Common Factoring Mistakes to Avoid
Using the right specialty financing when your business needs working capital is one of the most important parts of keeping your overhead down when you’re in a financial crunch. While factoring is a great way to solve cash flow problems when you have a lot of unpaid invoices aging on your books, not all factoring agreements are going to be what you need in a given situation. That’s why you need to know about some of the basic mistakes newcomers make when working with a factor. Sidestepping these issues will help you get more out of your financing whenever you need to use this method.
First and foremost, check the fine print and make sure you understand the fees involved. They can cover a wide range, depending on the other conditions in your agreement. Generally, factors that finance your invoices without buying them outright will charge less up front, but many include penalties if the invoices go unpaid for a certain amount of time.

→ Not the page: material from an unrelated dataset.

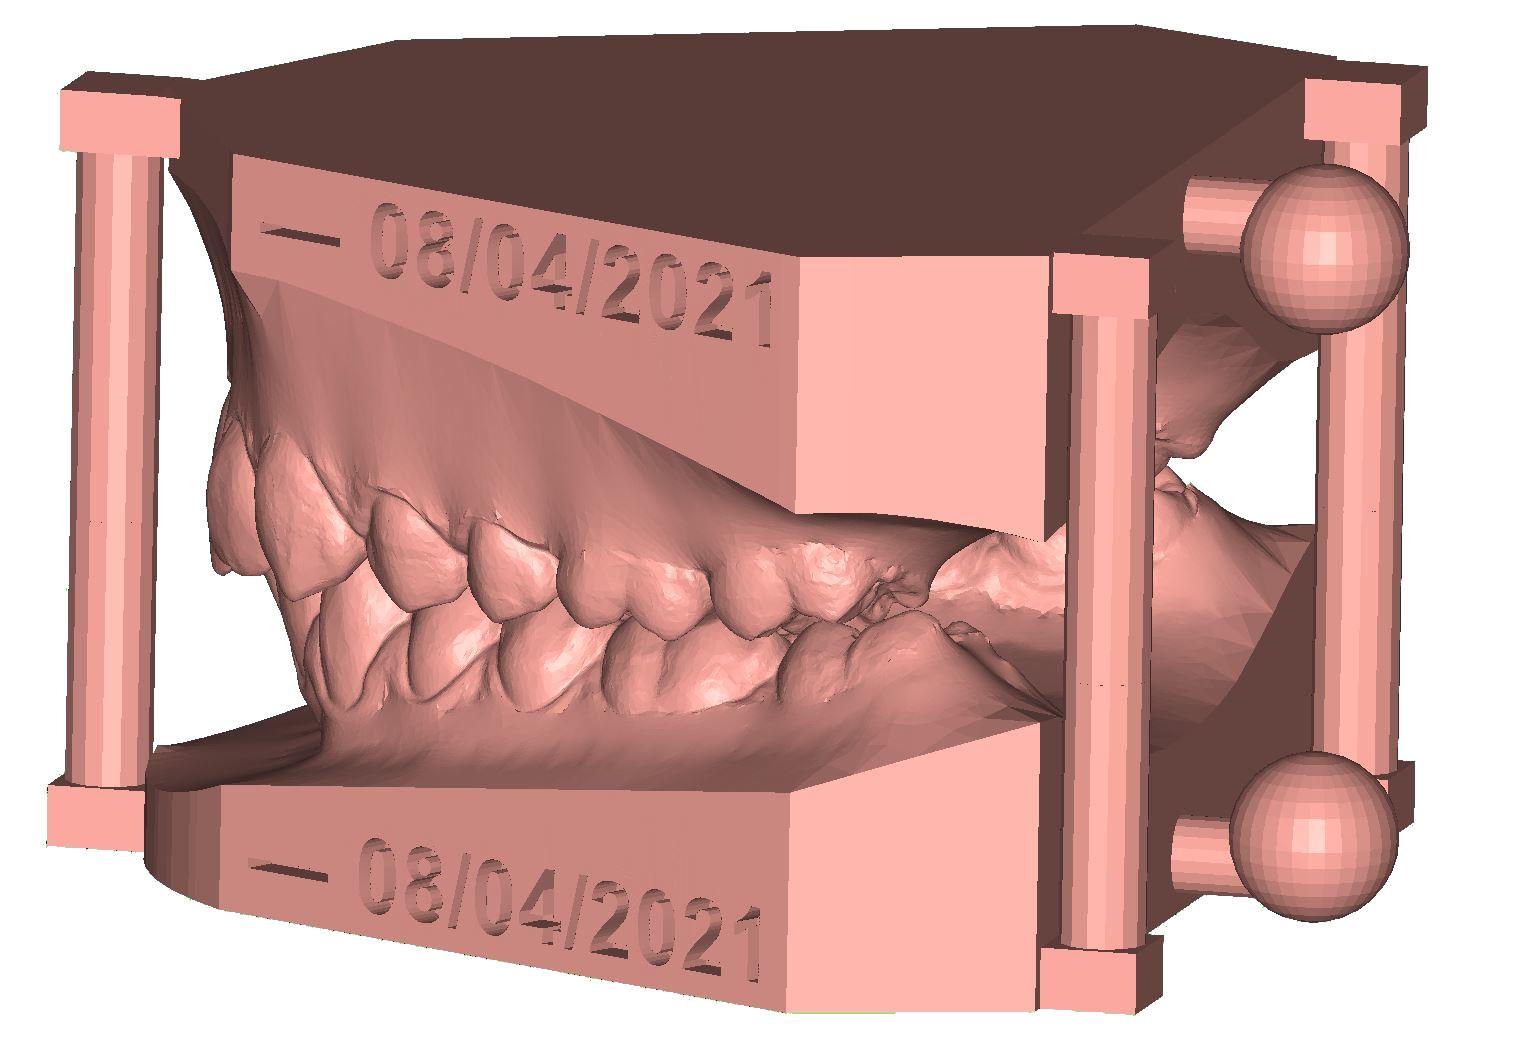 Arch Base Virtual model creation
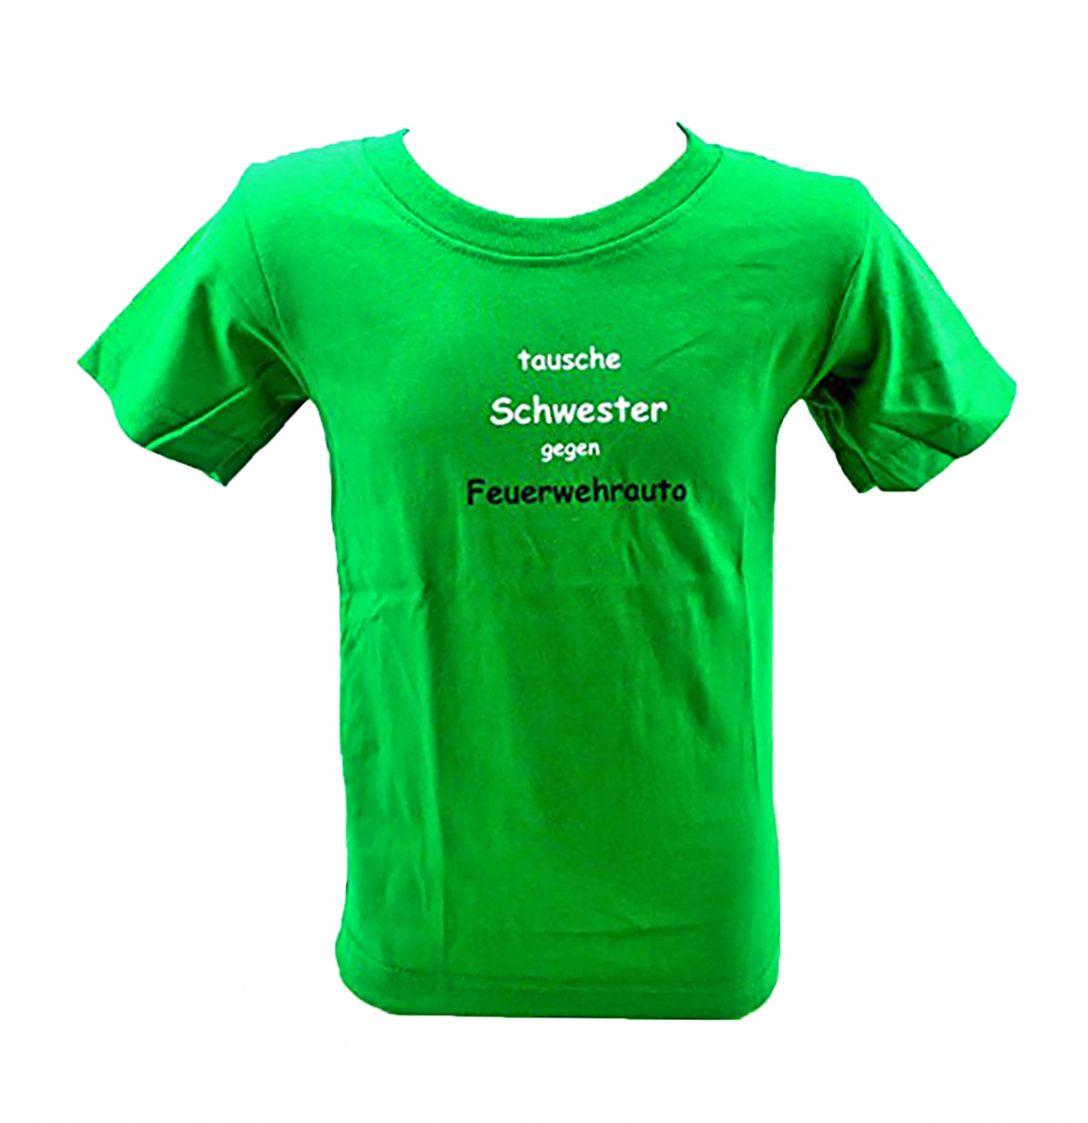 Large Size of Lustige Sprüche T Shirt Männer Sprüche T Shirt Englisch Bayerische Sprüche T Shirt Lustige Sprüche T Shirt Damen Küche Sprüche T Shirt

There are even some factors with multiple penalty tiers, which can create problems for business owners who don’t know about them until there are consequences to their presence in the contract.
Another issue is clients who fail to direct payments to the factoring company they work with. Your factor takes over a collection when you make an agreement for financing, and if your customers send payment directly to you, it creates extra work for everyone. In some cases, it even invokes penalty clauses, which is why the very first thing to do is to make sure you’re aware of all the scenarios where extra fees come into play. Making sure your direct payments to the factor means being able to focus on other administrative tasks, too, and that’s a big part of the reason this financing is worth it to many business owners.
Last but not least, make sure you aren’t submitting purchase orders as invoices. If you want to factor purchase orders, there are some financing companies who will do that, but most factors are only going to take invoices. Even if you do find one that will finance both, those are two separate negotiations. You can’t pool them into one group and finance a mix of invoices and purchase orders because the actuarial tables for the two types of financing aren’t compatible. Beyond those major issues, remember to give your financing company time to process the paperwork before you need payment. Factoring is faster than most other forms of financing, but it is not an instantaneous process.